Serving Clovis, Portales and the Surrounding Communities

A new home at last

The new 34,000 square-foot Communication Center is full of life with the bustling of with students and professors in the first week of use at Eastern New Mexico University.

On Thursday the overall feeling expressed by students was that it’s nice to be going to communications classes in only one building and a new one at that.

“It’s nice and clean,” Christopher Kelley, an ENMU sophomore, said on Thursday. “I used to have to go to the College of Business and Jack Williamson Liberal Arts building for my communications courses.”

Kelley is a communications minor and he and ENMU senior Phillip Otero were exiting the new Communication Center after their persuasive communication course on Thursday.

“I think it could be a very good recruiting tool for communications majors,” Otero said. Otero said it was the education program which attracted him to ENMU.

Professor Patricia Dobson instructed Otero and Kelley on Thursday afternoon. Dobson is one of the professors with a new office in the Communication Center. The Communicative Arts and Sciences faculty members will have offices in the Communication Center.

“Everything is going very well,” Janet Roehl, professor of Communication and department chair, said about the first week in the new building. “We’ve had such good support from faculty from other offices. They have pitched in and helped us.”

The communications professors and students are still in a transition period. On Thursday afternoon Karly Parkans, student-hire worker and Katy Force, work study employee helped with the transition by filing brochures from boxes from the College of Business.
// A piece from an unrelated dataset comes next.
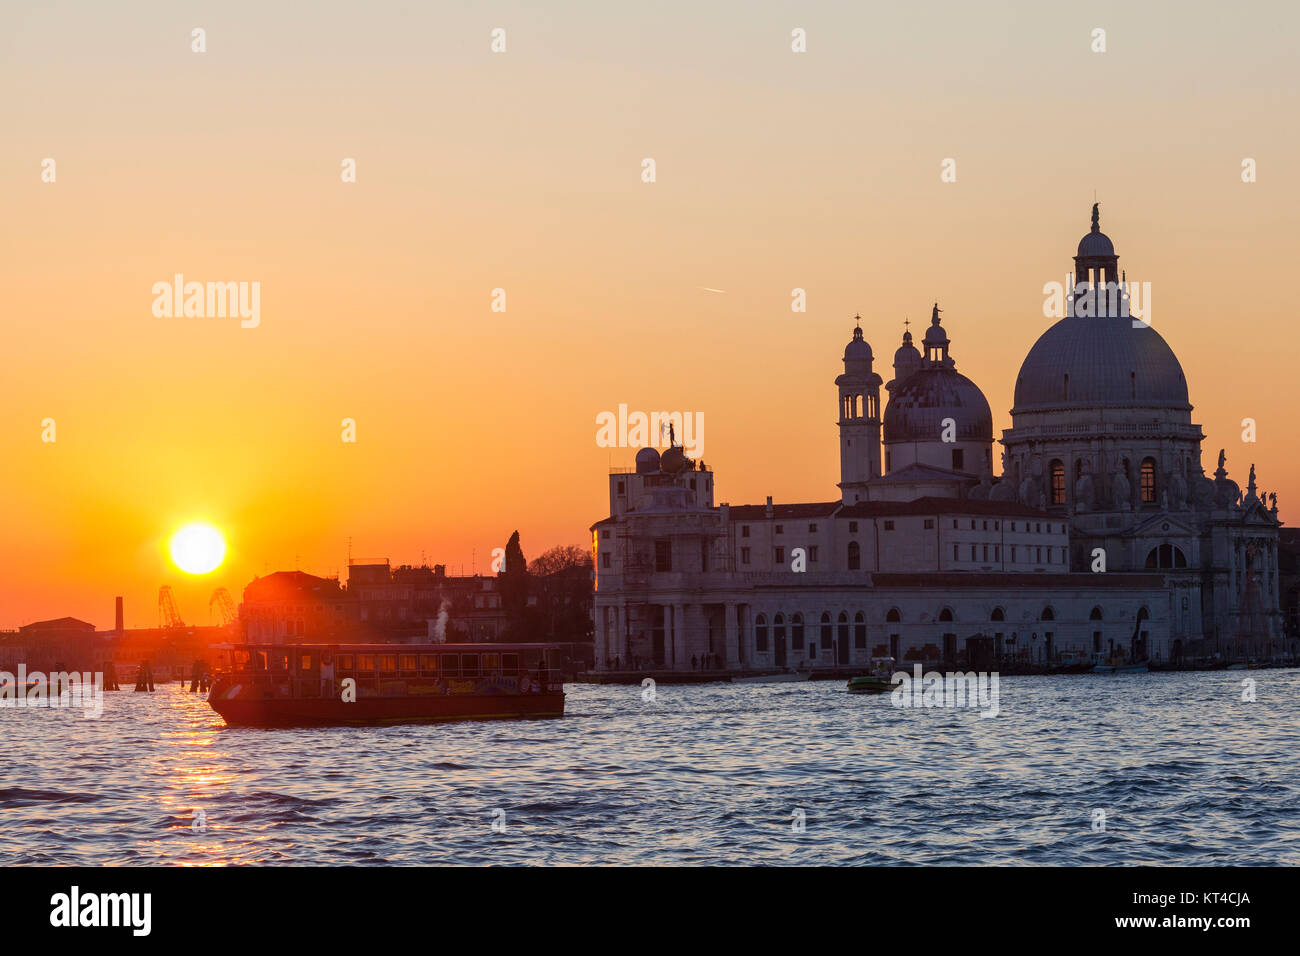 Vivid orange sunset over Basilica di Santa Maria della Salute with a vaporetto passing by on the Grand Canal, Venice, Italy Stock Photo

Roehl said communications classes were held in different buildings around campus, such as the Broadcast Center, Jack Williamson Liberal Arts and College of Business buildings. Roehl said one concern she has is the lack of carpeting on the hallways. The classrooms have carpeting but the hallways don’t and this is a noise and safety issue.
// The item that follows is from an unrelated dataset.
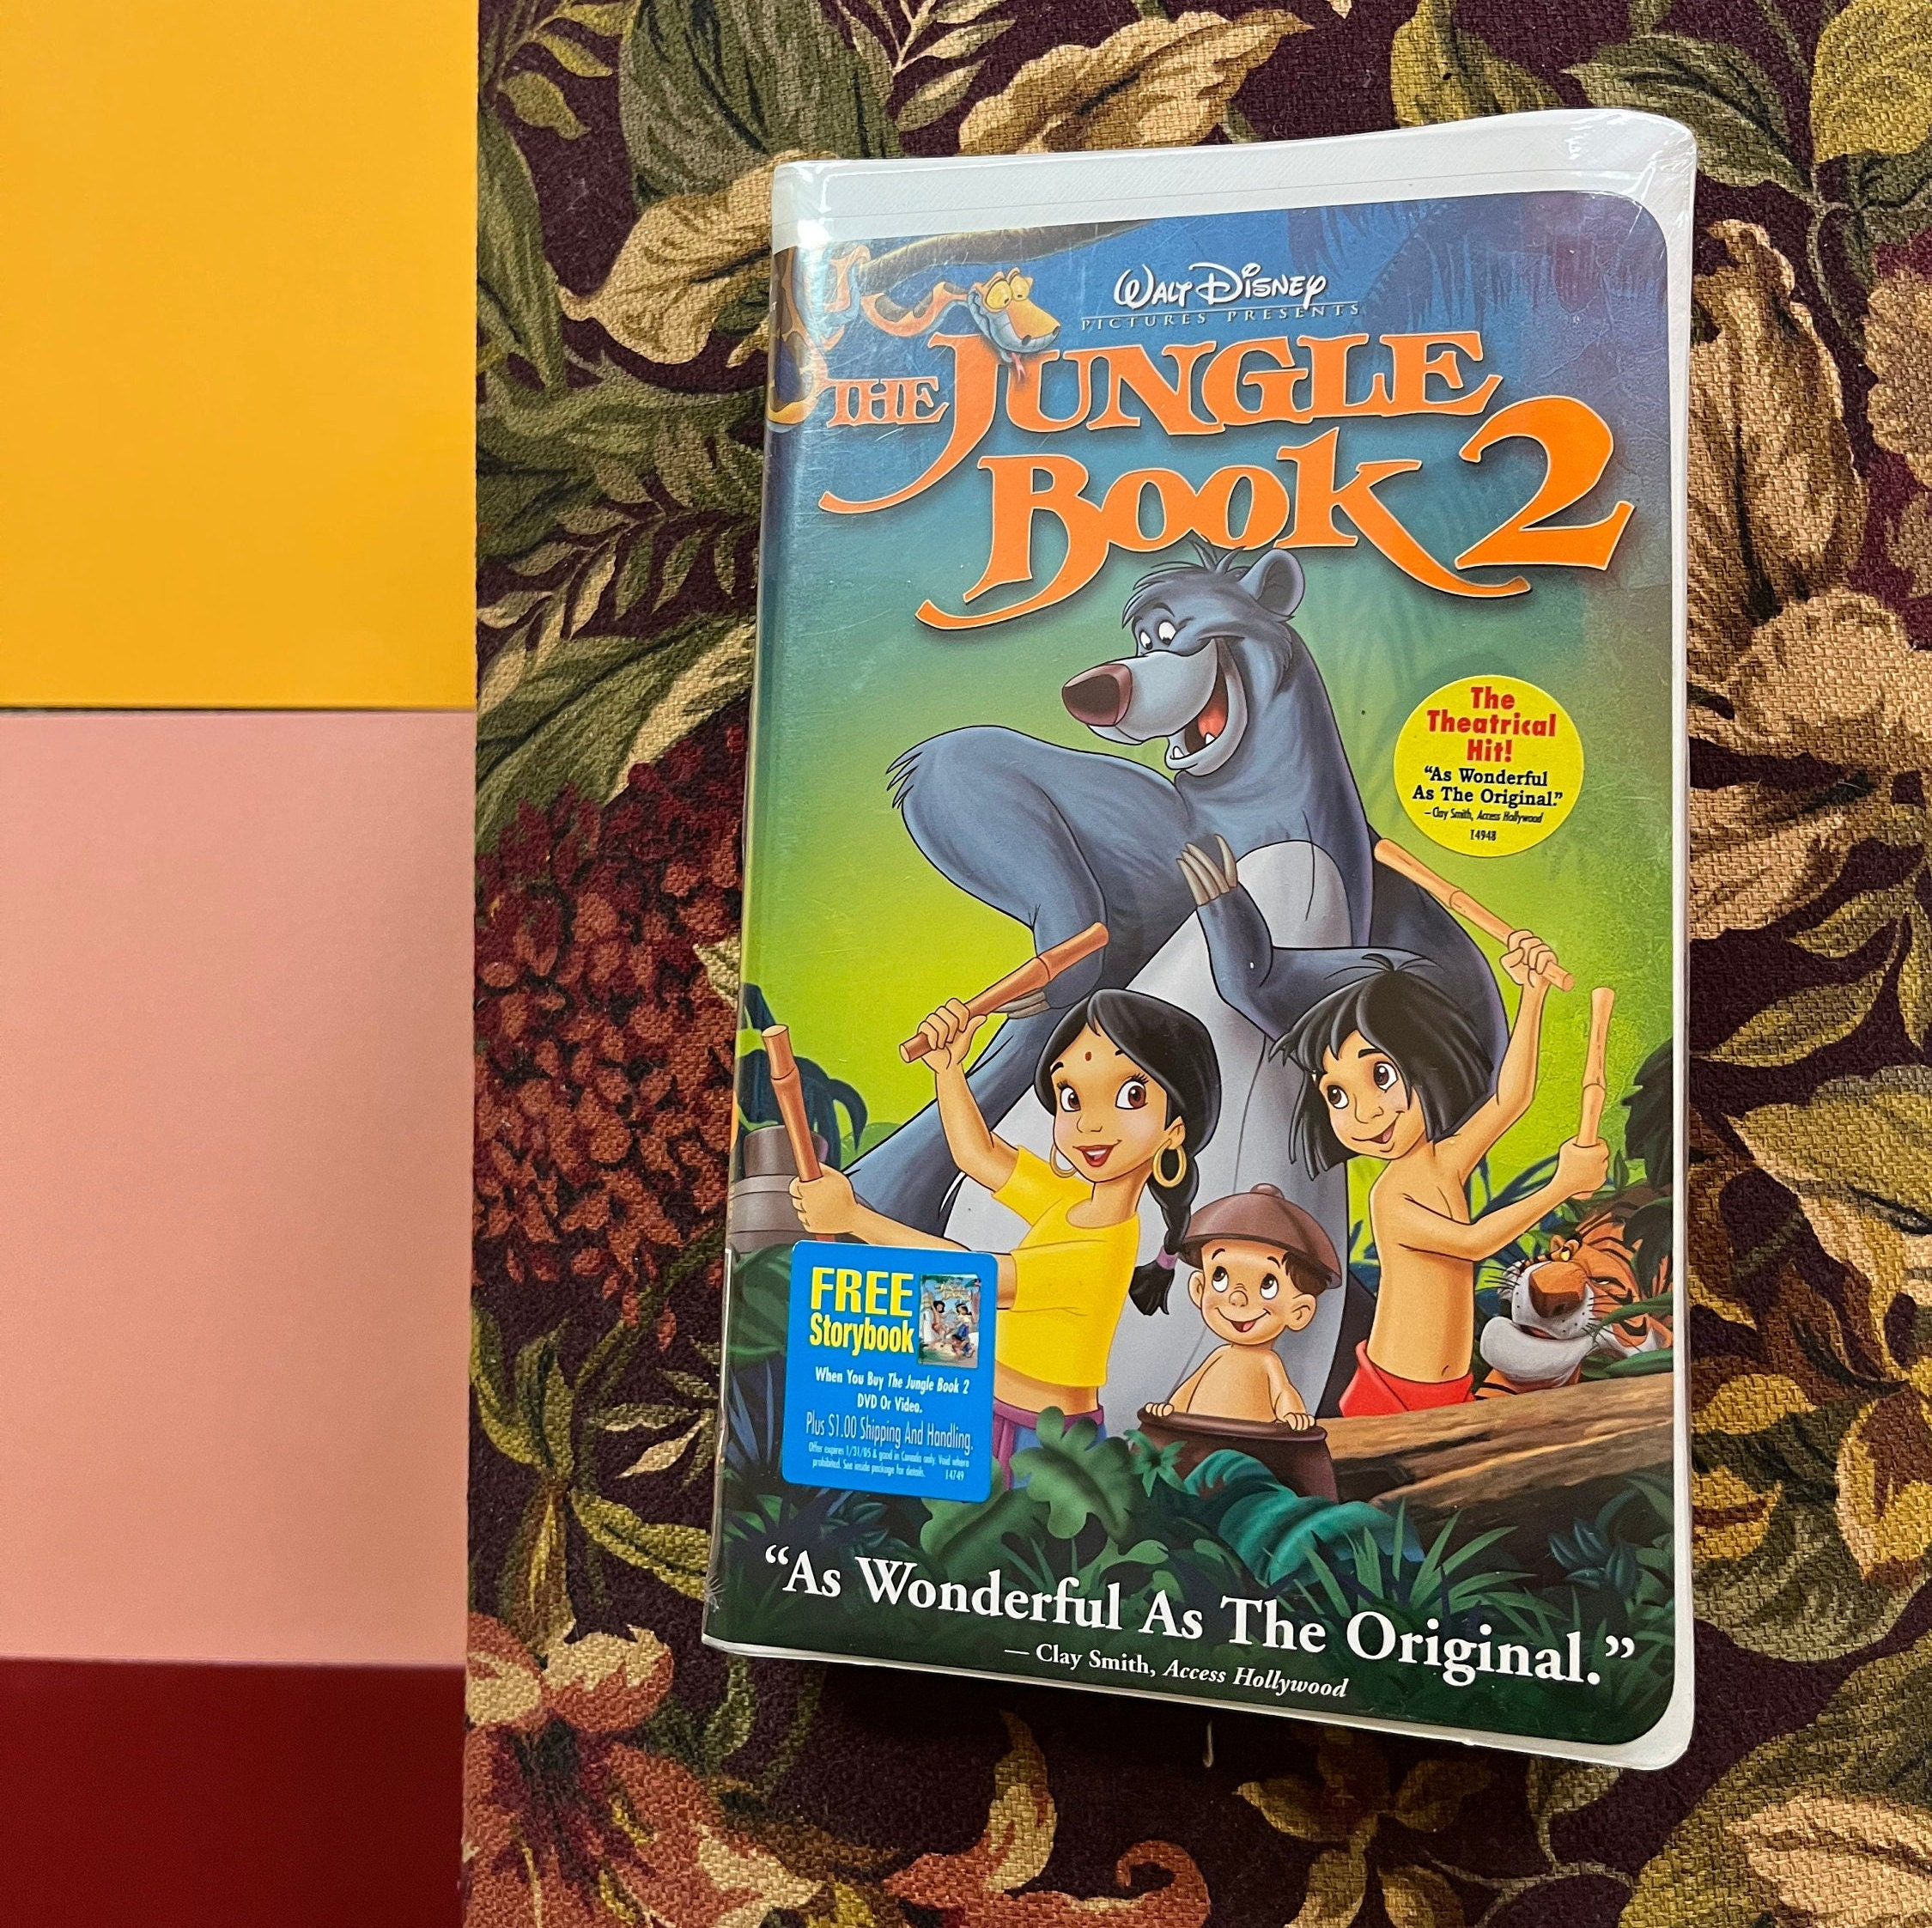 The Jungle Book 2 Dvd Cover

One of the objectives professors want to complete with the design of the new Communication Center is improved interaction between professors and students.

“Our goal was to improve our student and faculty interaction,” Roehl said.

Open spaces and a lobby located by the faculty offices are two of the items used to achieve this objective.

Still left to be completed is the new state-of-the art KENW Broadcast Center. The new broadcast center has yellow caution tape and only construction workers are allowed to enter the south portion of the building. Production and some communication courses are being held in the old KENW Broadcast Center across the street from the new Communication Center.

There will be three studios in the new building — one for instructional use for students, the second studio for use for the KENW students to broadcast news and a third studio for general production.

In November of 2002, voters approved a general obligation bond to fund the multi-million dollar facility. The Communications Center will house KENW-TV’s new digital television production equipment which is expected to improve the range and quality of the station’s broadcast transmission. In addition, the center will also hold the Broadcast Center’s studios, instructional television control rooms, production areas, editing rooms and a production studio where students can prepare their class projects.